The government’s notification on Code on Wages 2019 may reduce the take-home pay of employees next financial year ie, April 2021 while components like PF and Gratuity might rise. This is based on the grounds that the new wage code mentions provision entailing that the employee’s basic salary will be at least 50 percent of his/her net monthly CTC. Hence, if this provision comes into effect, it will mean that employees will not be able to get more than 50 percent of his/her net monthly salary in form of allowance.
This also means that there will be a consequent rise in gratuity and PF contribution of the employee. Hence, while the take home pay of the employees may be reduced, the Gratuity and PF component may rise.

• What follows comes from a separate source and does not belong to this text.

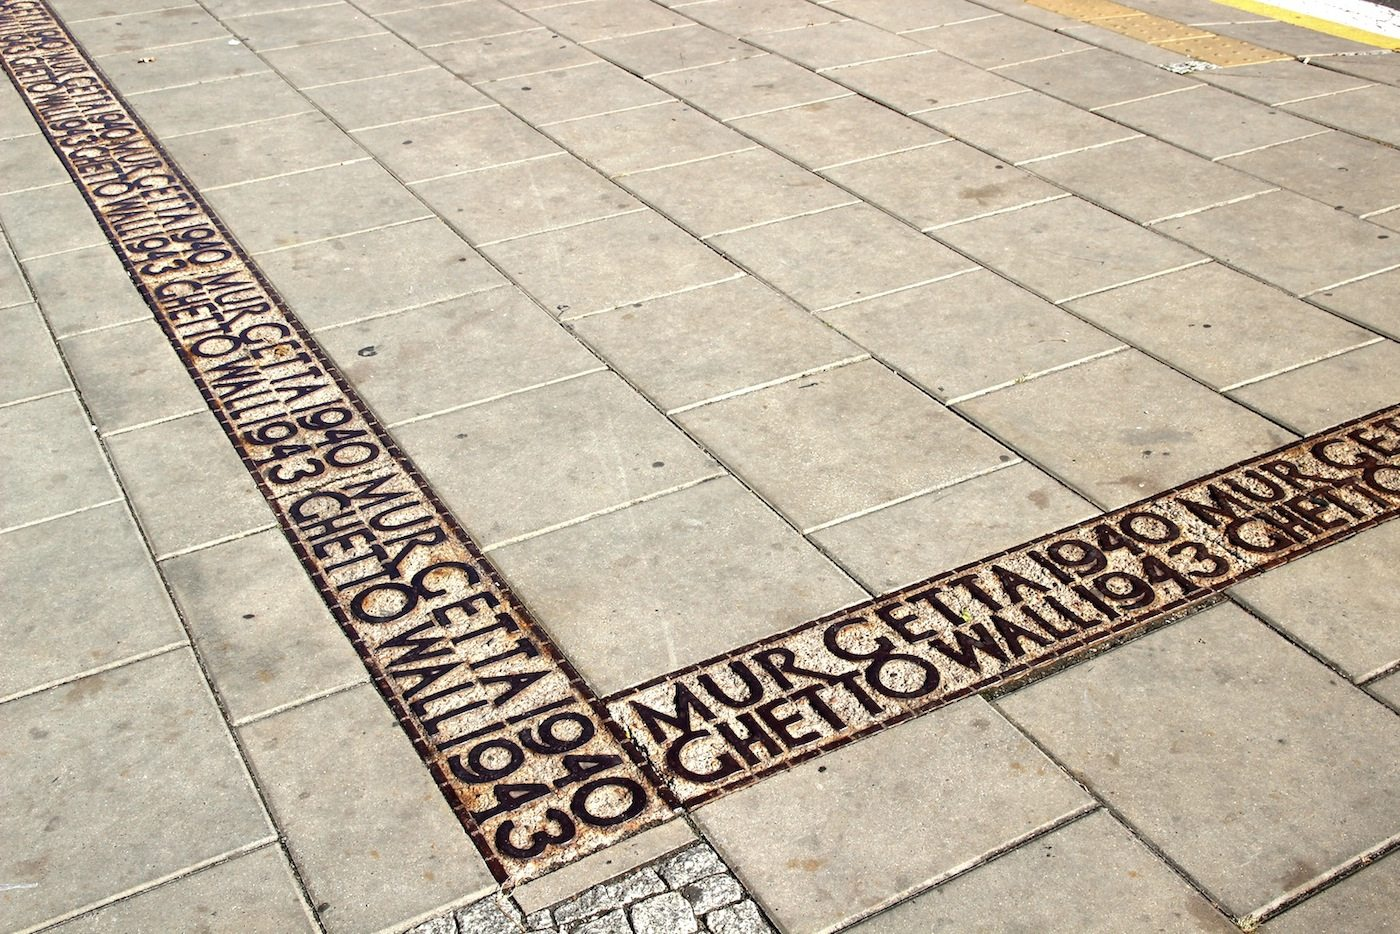 Erinnerungsträchtiger Boden.  Das Areal, auf dem sich der Kulturpalast erhebt, war Teil des jüdischen Ghettos, in dem die Deutschen bis zu 380 000 Menschen vor dem Abtransport in die Vernichtungslager zusammen pferchten. Im April 1943 wagten einige den Aufstand, danach wurde der Stadtteil dem Erdboden gleich gemacht.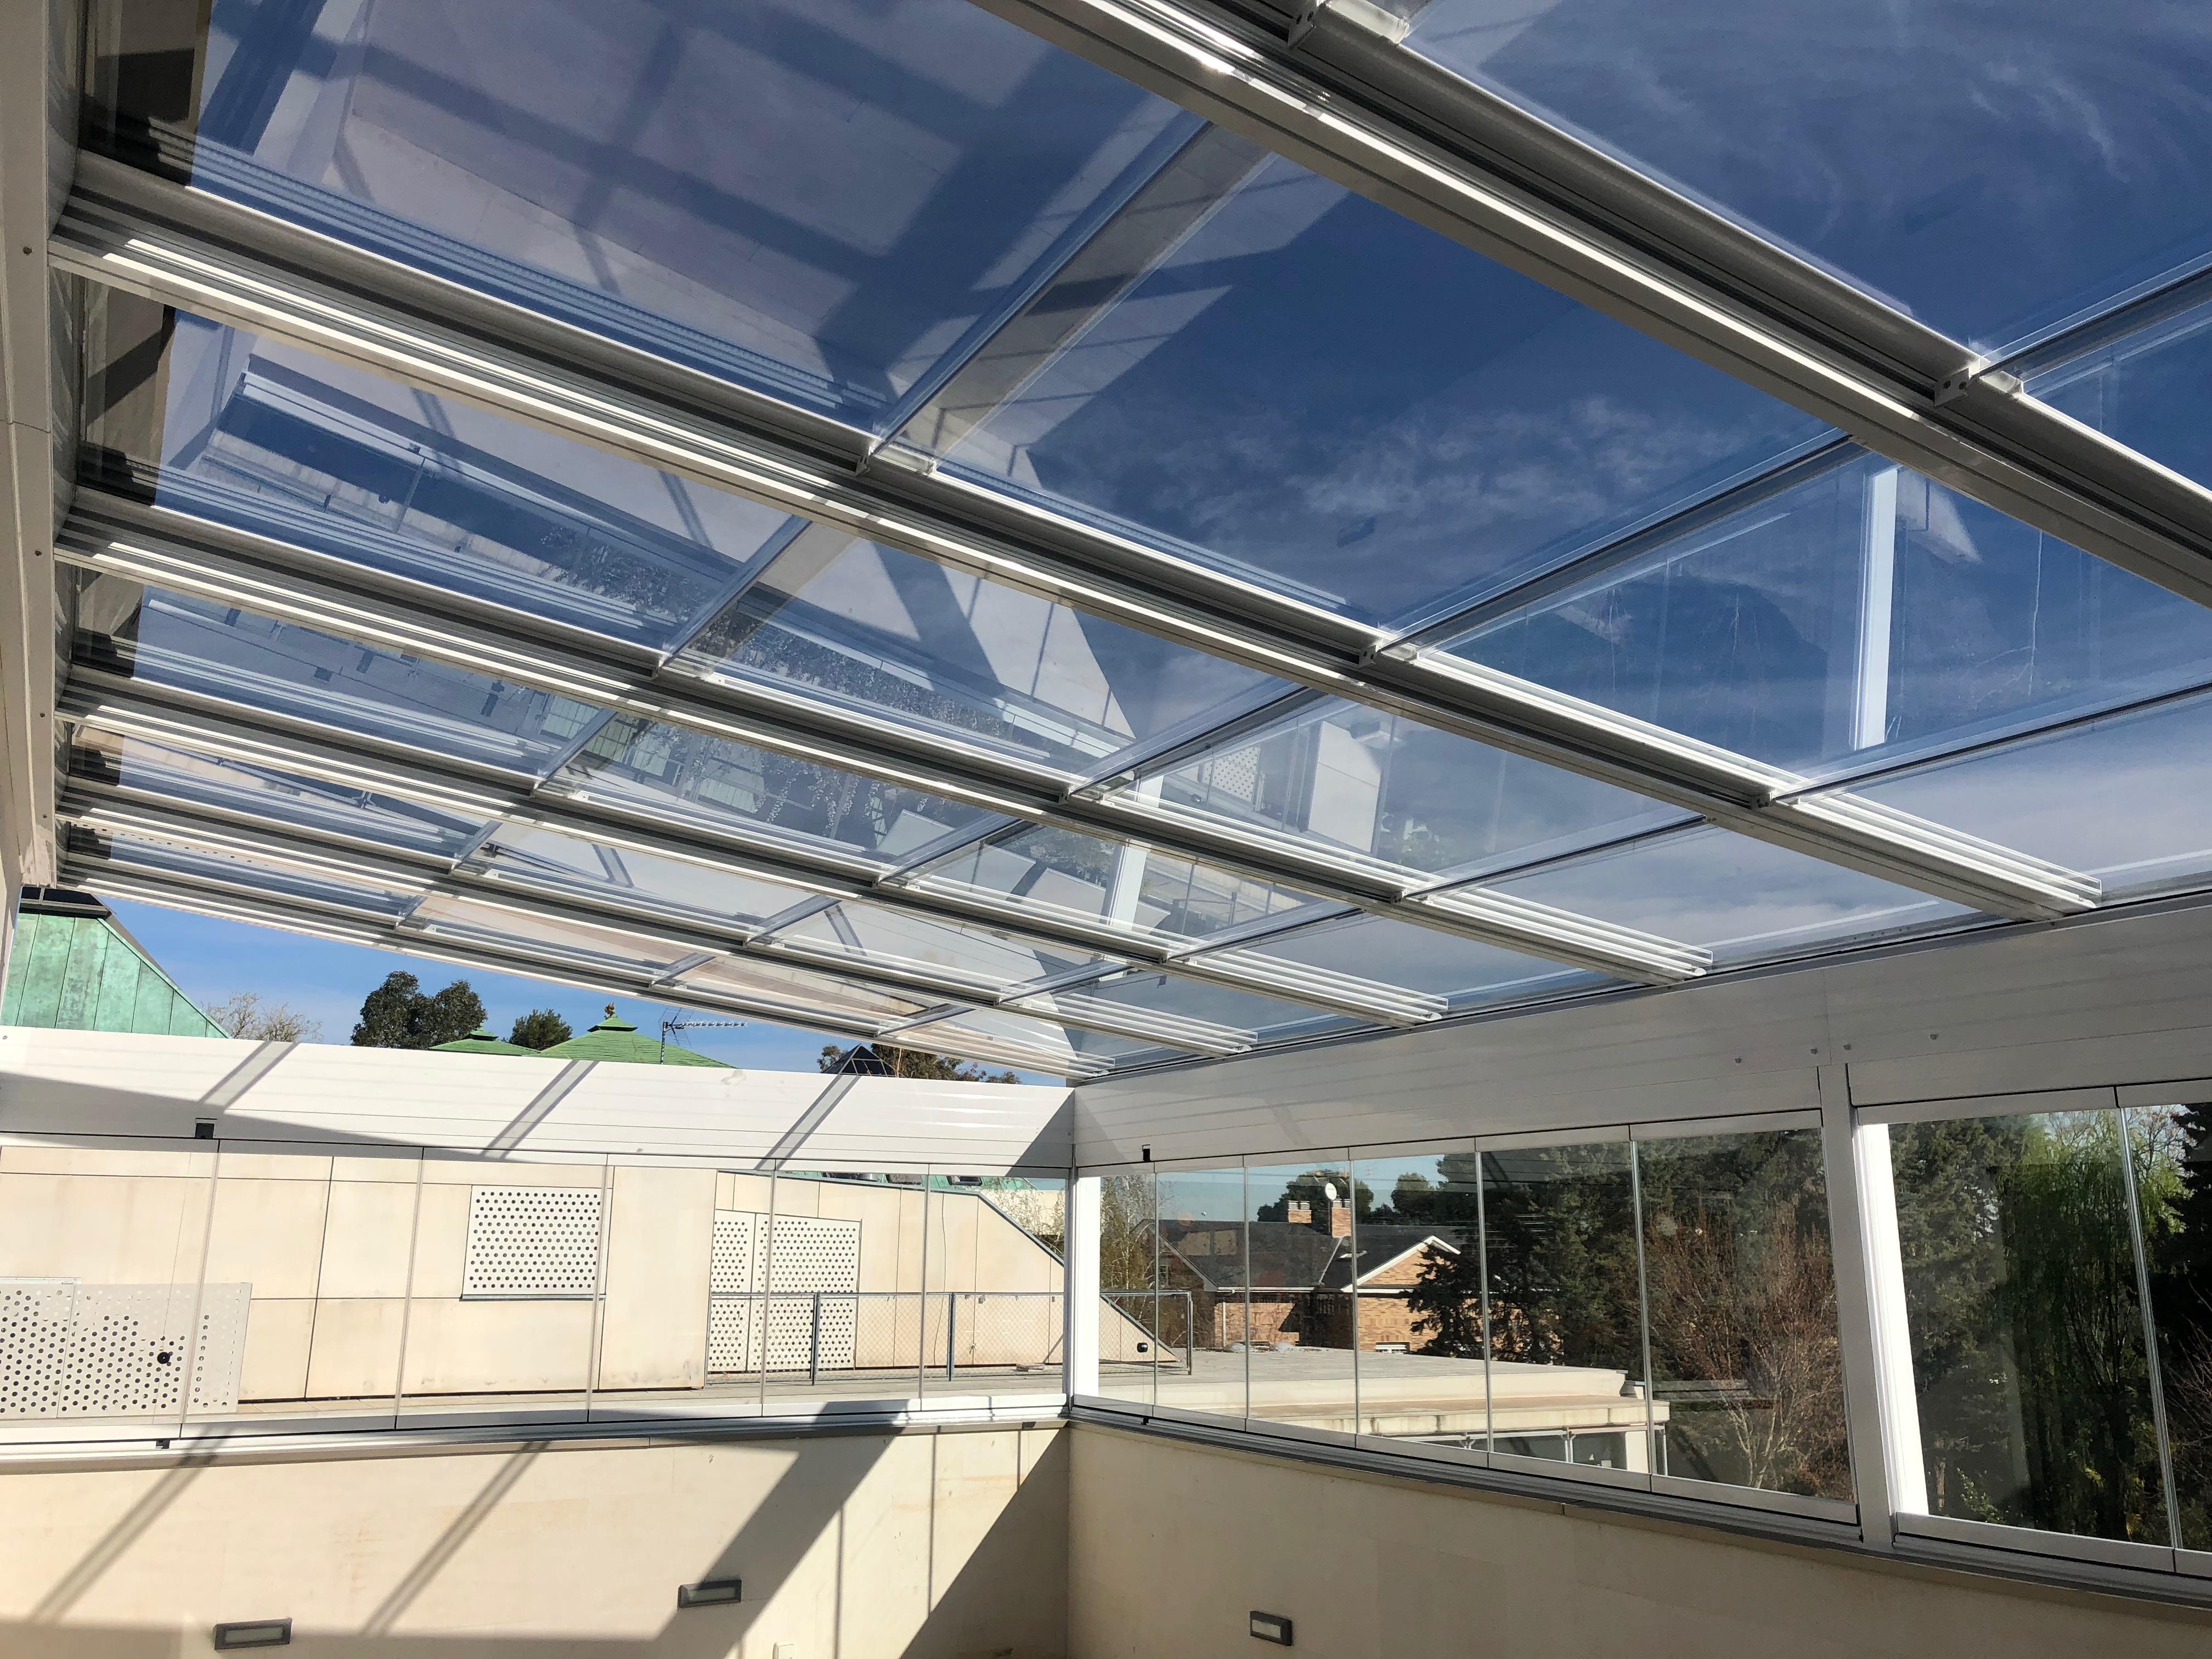 IMG 0486 - Acristalamiento techo móvil motorizado

On February 8, Labour Secretary Apurva Chandra in a media briefing said that he Ministry of Labour and Employment is likely to complete the process to finalise the rules under the four labour codes paving the way for making reforms are reality soon.
Besides, the ministry is also progressing to roll out a web portal by June 2021 for registration and other facilities of workers in the unorganised sector, including gig and platform workers and migrant workers as enshrined in her budget speech this year by Finance Minister Nirmala Sitharaman.
This ministry would soon be in a position to bring into force the four Codes, viz., Code on Wages, Industrial Relations, Occupational Safety, Health and Working Conditions (OSH) and Social Security Codes, Chandra said.
The labour ministry had envisaged implementing the four labour codes from April 1 this year in one go. The ministry is in the final leg of amalgamating 44 central labour laws into four broad codes on wages, industrial relations, social security and OSH. The ministry wants to implement all four codes in one go.